New Delhi: Markets regulator Securities and Exchange Board of India, or Sebi, on Friday said listing of state-owned entities would make them disciplined and bring them under investors and regulator’s scrutiny, while welcoming the government’s ambitious disinvestments programme.
“I think PSUs (public sector undertakings) coming into listing is a good thing because listing does impose its own discipline,” Sebi chairman CB Bhave told PTI when asked about the announcement by finance minister Pranab Mukherjee that government would divest stake in these undertakings but retain at least 51% stake.
Asked if PSUs like NHPC and Oil India would get extension if they are unable to come out with the public issue within the stipulated time, he said Sebi’s nod has one-year validity and the same rules would apply to them.
As per the clearances given by Sebi for the draft shareholding prospectus, the two PSUs have time till September to launch their public issues and in case it is delayed beyond this point, they will have to start the process afresh.
“The first thing (that it will do is, if PSUs)... want any additional capital you have to go by what capital raising norms for listed companies are,” Bhave said.

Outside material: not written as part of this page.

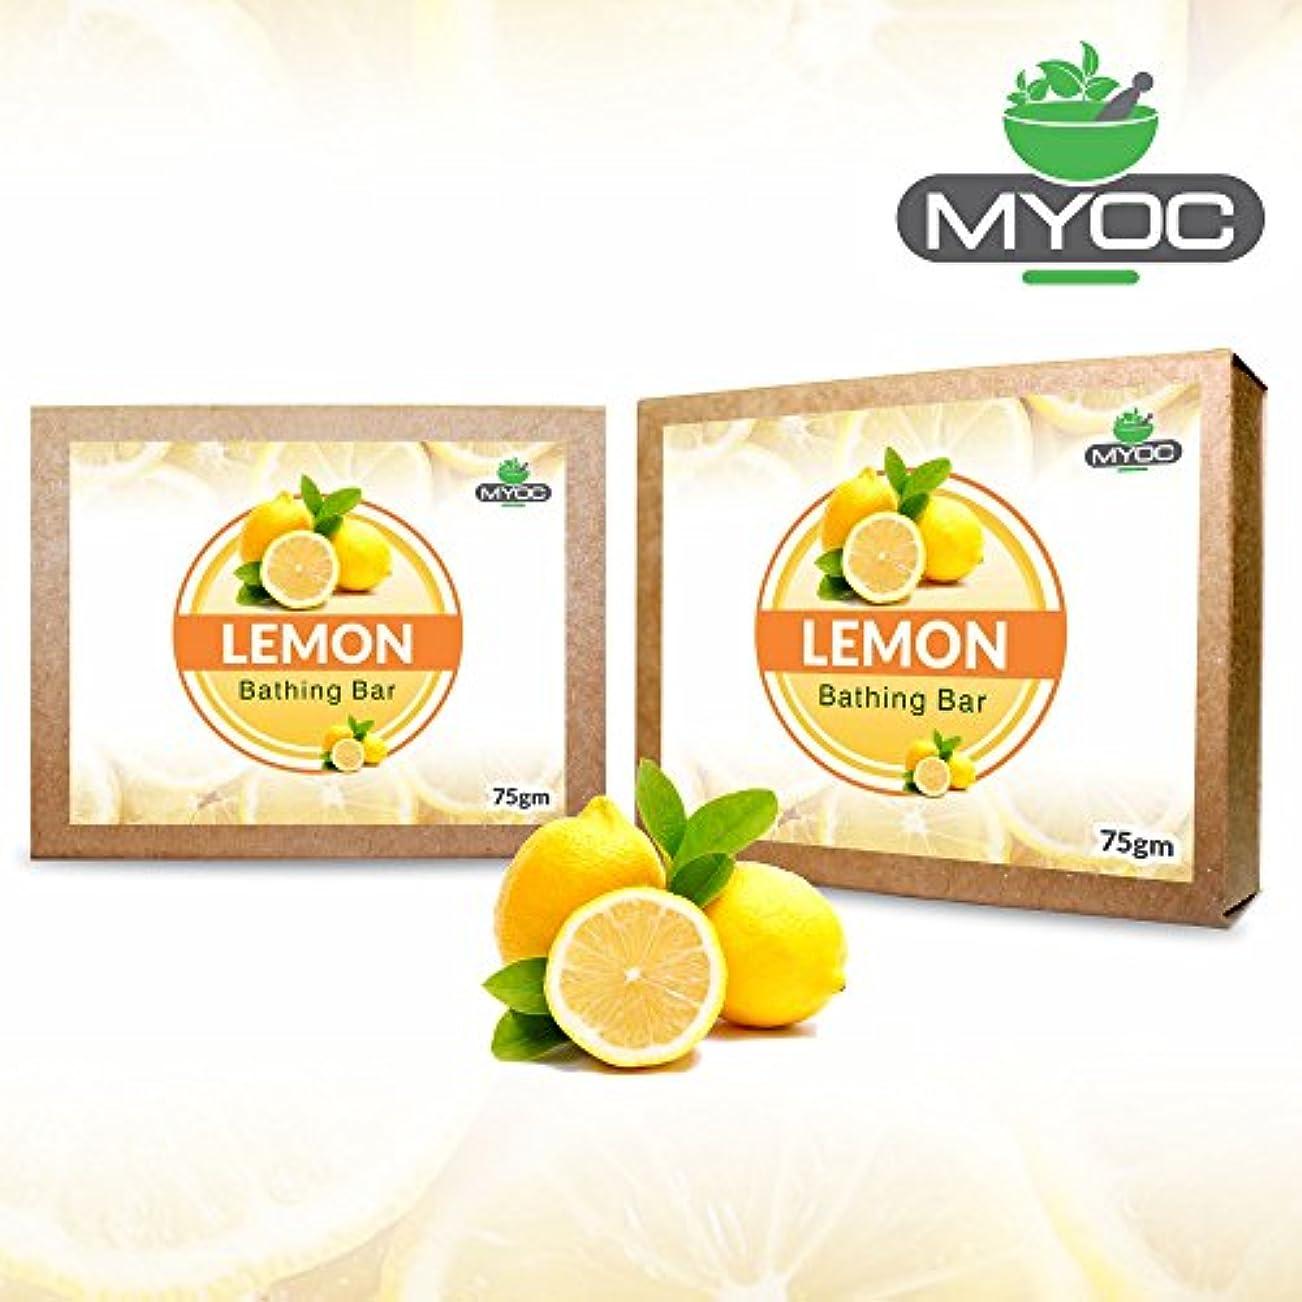 チェリーダム商標Lemon Oil And Vitamin E Astringent Soap, deodorant, antiseptic soap for clogged pores and acne prone skin 75g...

Secondly, he added, the listing will subject PSUs to the financial discipline as their activities would be wathced everyday by the stock market. “The stock market (will be) making a judgement on what you are doing,” he added.
The PSUs, Bhave added, would also be required to come out with quarterly reports as part of the listing requirement, which will even be good for the government.
“The listing will also get you their quarterly results and you know more on the up to date basis as to what is happening in the PSUs. So in a sense, it is good for the government as well. So that is a welcome thing,” he added.
The government wants state-owned companies to get listed on the stock markets so that people can own their shares. The PSU listing, however, will be subject to government retaining 51% stake in them.